I have been an owner of Don Sachs gear since he began, and he modified all my HK Citation gear before he came out with his own creations.  I bought a Willsenton 300b integrated amp and was smitten with the sound of it, inexpensive as it is.  Don told me that he was designing a 300b amp with the legendary Lynn Olson and lo and behold, I got one of his early pair of pre-production mono-blocks recently, driving Spatial Audio M5 Triode Masters.  

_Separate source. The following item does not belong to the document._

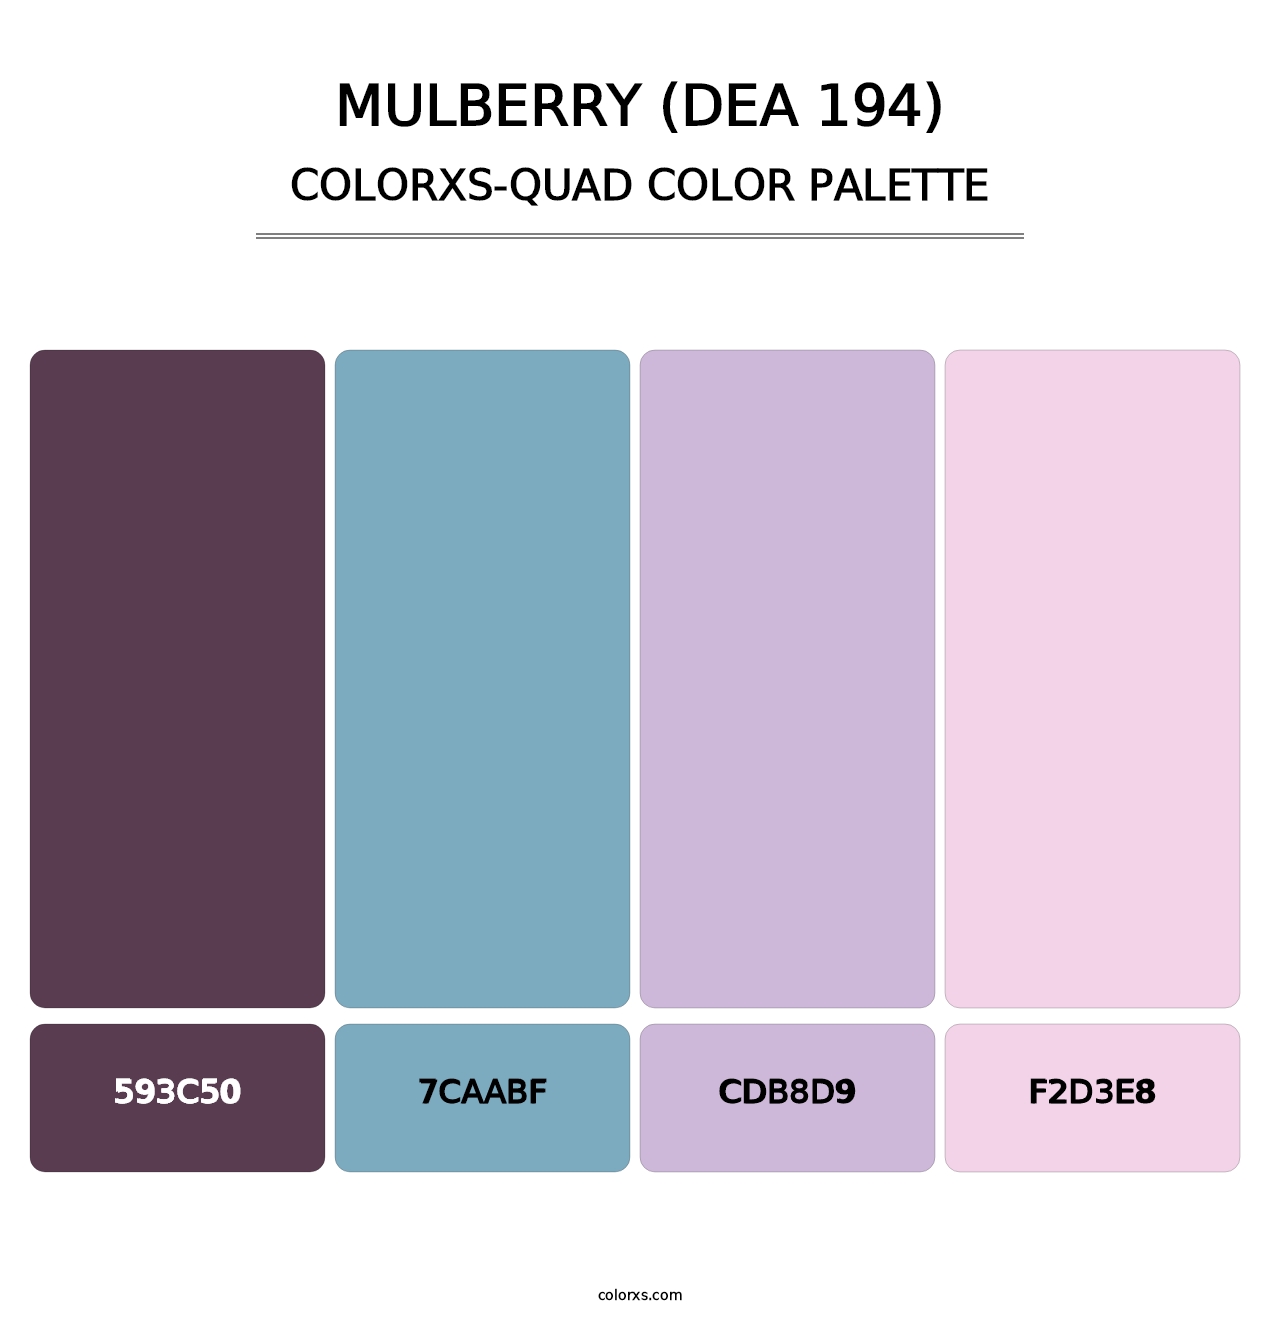 Mulberry (DEA 194) - Colorxs Quad Palette

Now with a week on the amp, I am eager to say that these 300b amps are simply sensational, creating a sound that brings the musicians right into my listening room with a palpable presence.  They create the most open vidid presentation to the music -- they are neither warm nor cool, just uncannily true to the source of the music.  They replace his excellent Kootai KT88 which I was dubious about being bettered by anything, but these amps are just outstanding.  Don is nearing production of a successor to his highly regard DS2 preamp, which also will have a  unique circuitry to mate with his 300b monos via XLR connections.  Don explained the sonic benefits of this design and it went over my head, but clearly these designs are well though out.. my ears confirm it. 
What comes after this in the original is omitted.